### [Exercise directions]
Copy out the data exactly, leaving the pictures behind.

═════ Supplied material

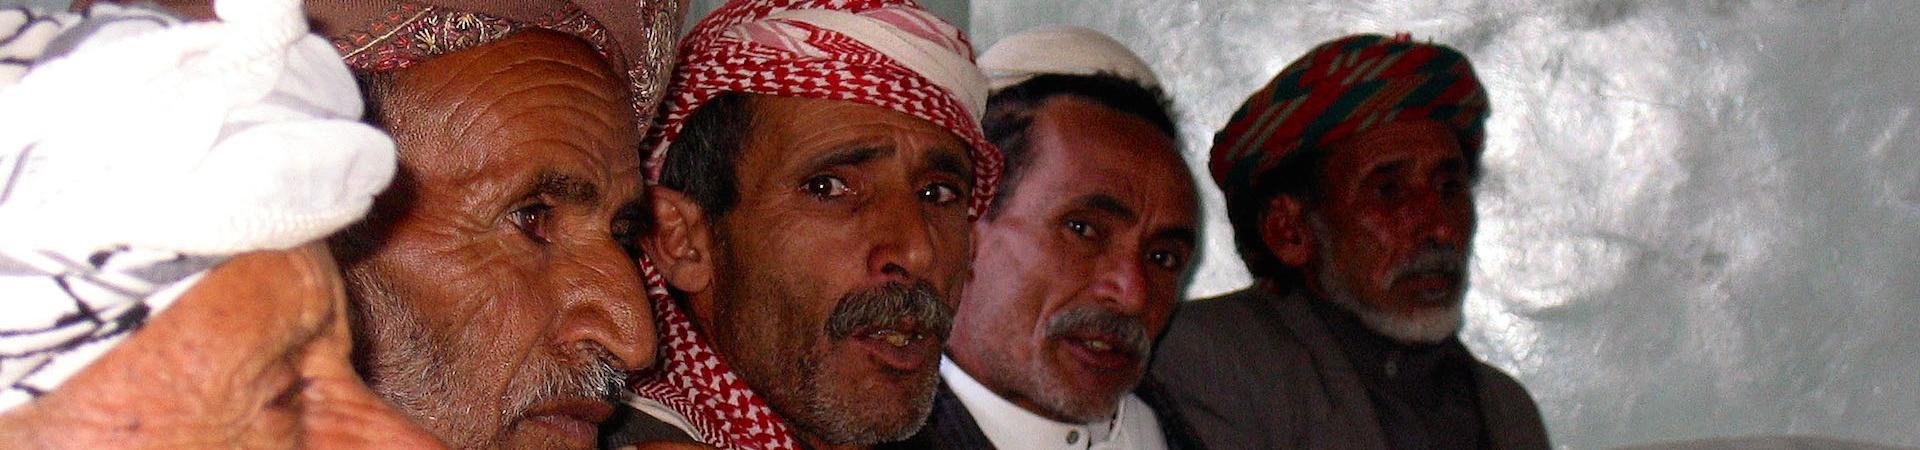 North Yemen, men chewing kath.
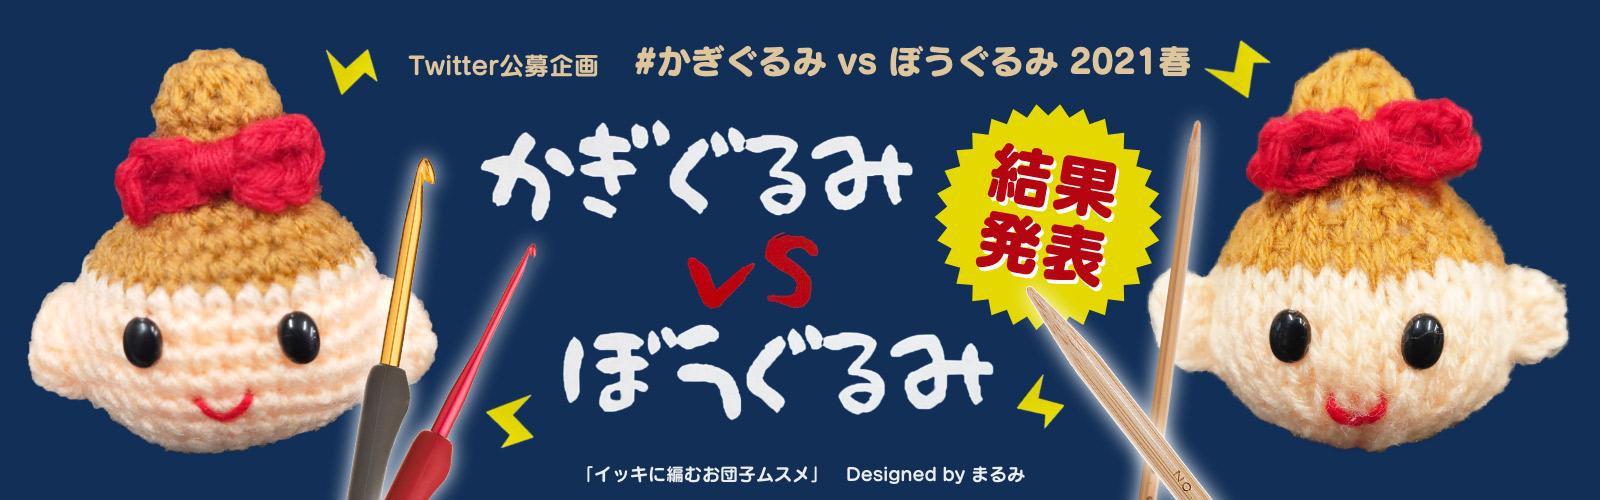 SNS公募企画  「かぎぐるみ vs ぼうぐるみ2021春]
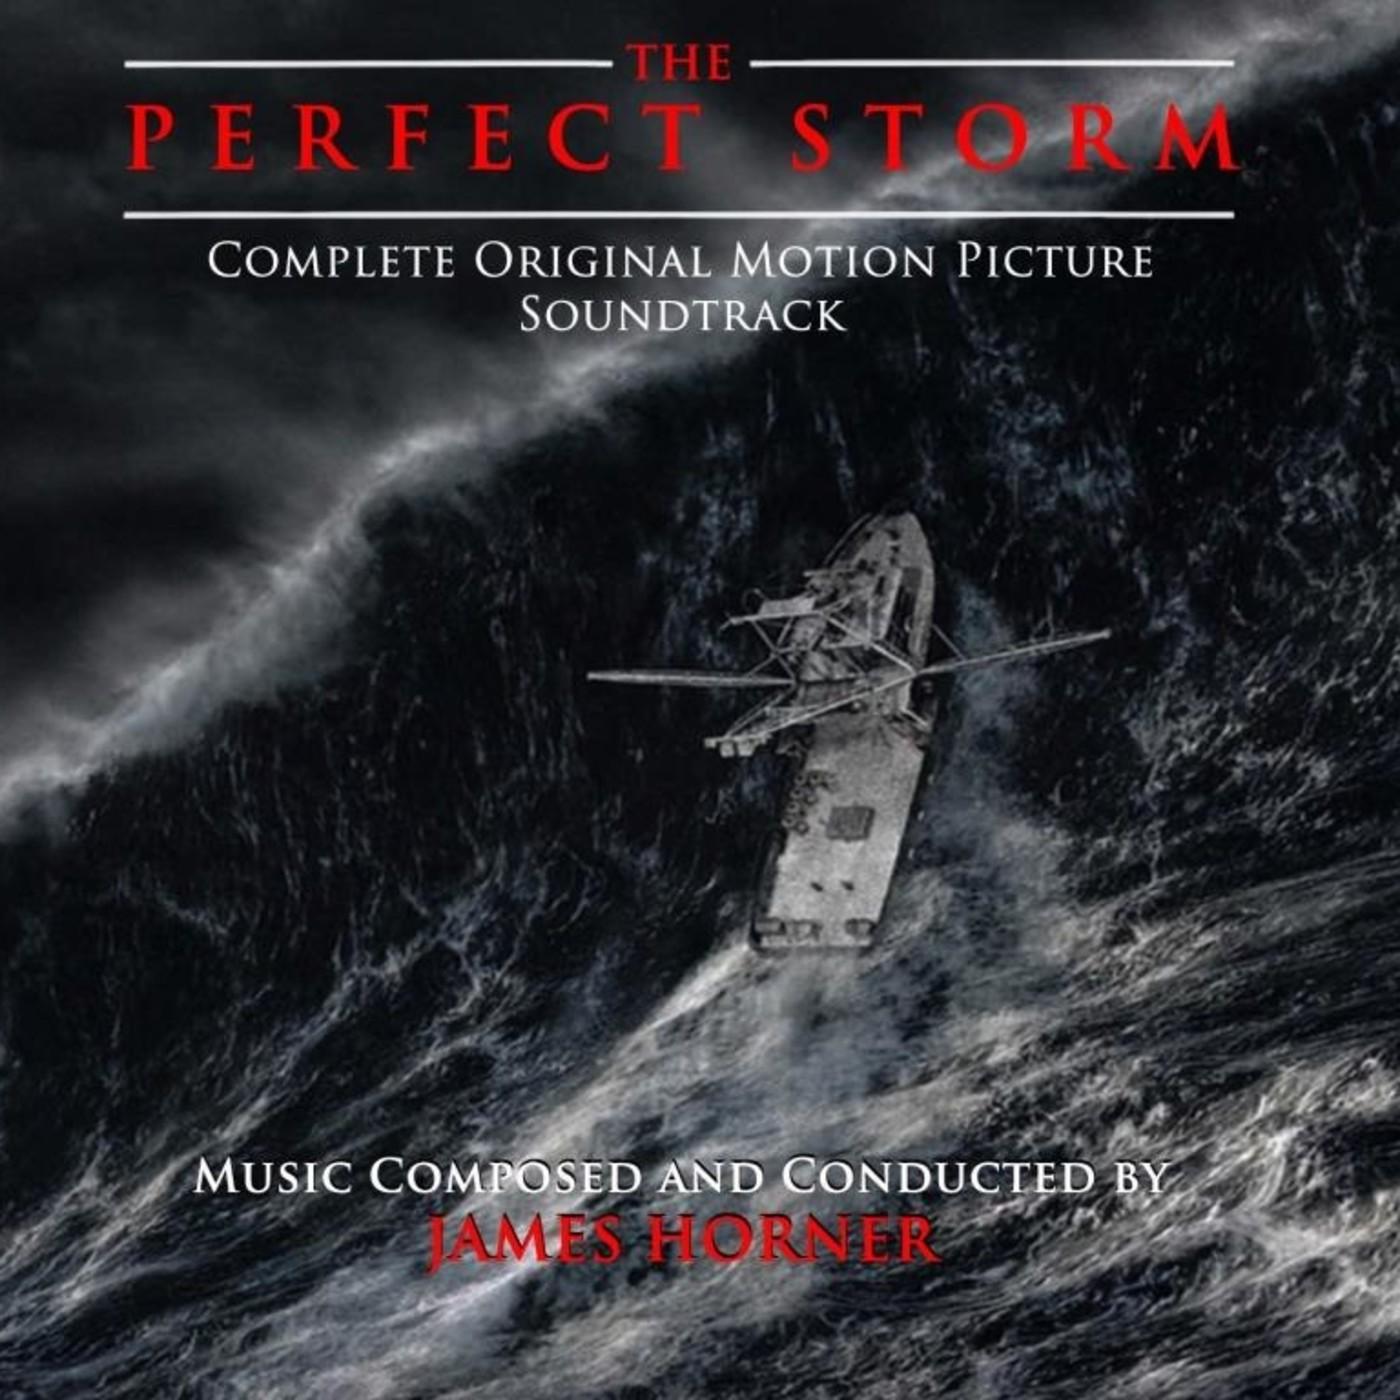 La Tormenta Perfecta James Horner 2000 En James Horner En Mp3 10 04 A Las 18 00 48 09 25 34328681 Ivoox
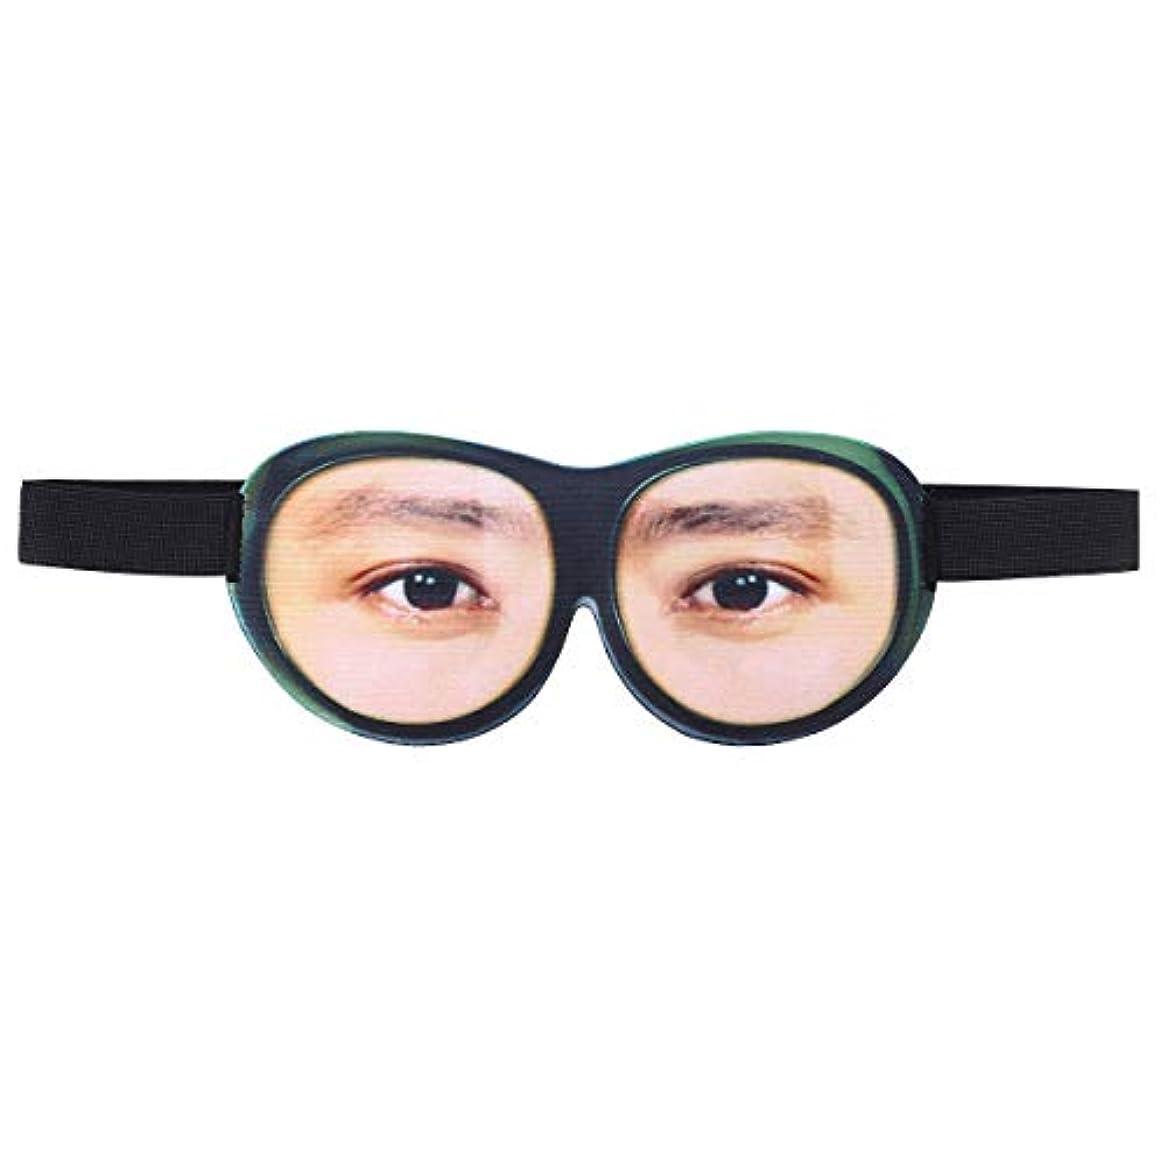 群がるネイティブ頭痛Healifty 3D面白いアイシェード睡眠マスク旅行アイマスク目隠し睡眠ヘルパーアイシェード男性女性旅行昼寝と深い眠り(男になりすまし)

══════════

### [Task response]
 North Yemen, men chewing kath.
 SNS公募企画  「かぎぐるみ vs ぼうぐるみ2021春]
 La Tormenta Perfecta James Horner 2000 En James Horner En Mp3 10 04 A Las 18 00 48 09 25 34328681 Ivoox
 群がるネイティブ頭痛Healifty 3D面白いアイシェード睡眠マスク旅行アイマスク目隠し睡眠ヘルパーアイシェード男性女性旅行昼寝と深い眠り(男になりすまし)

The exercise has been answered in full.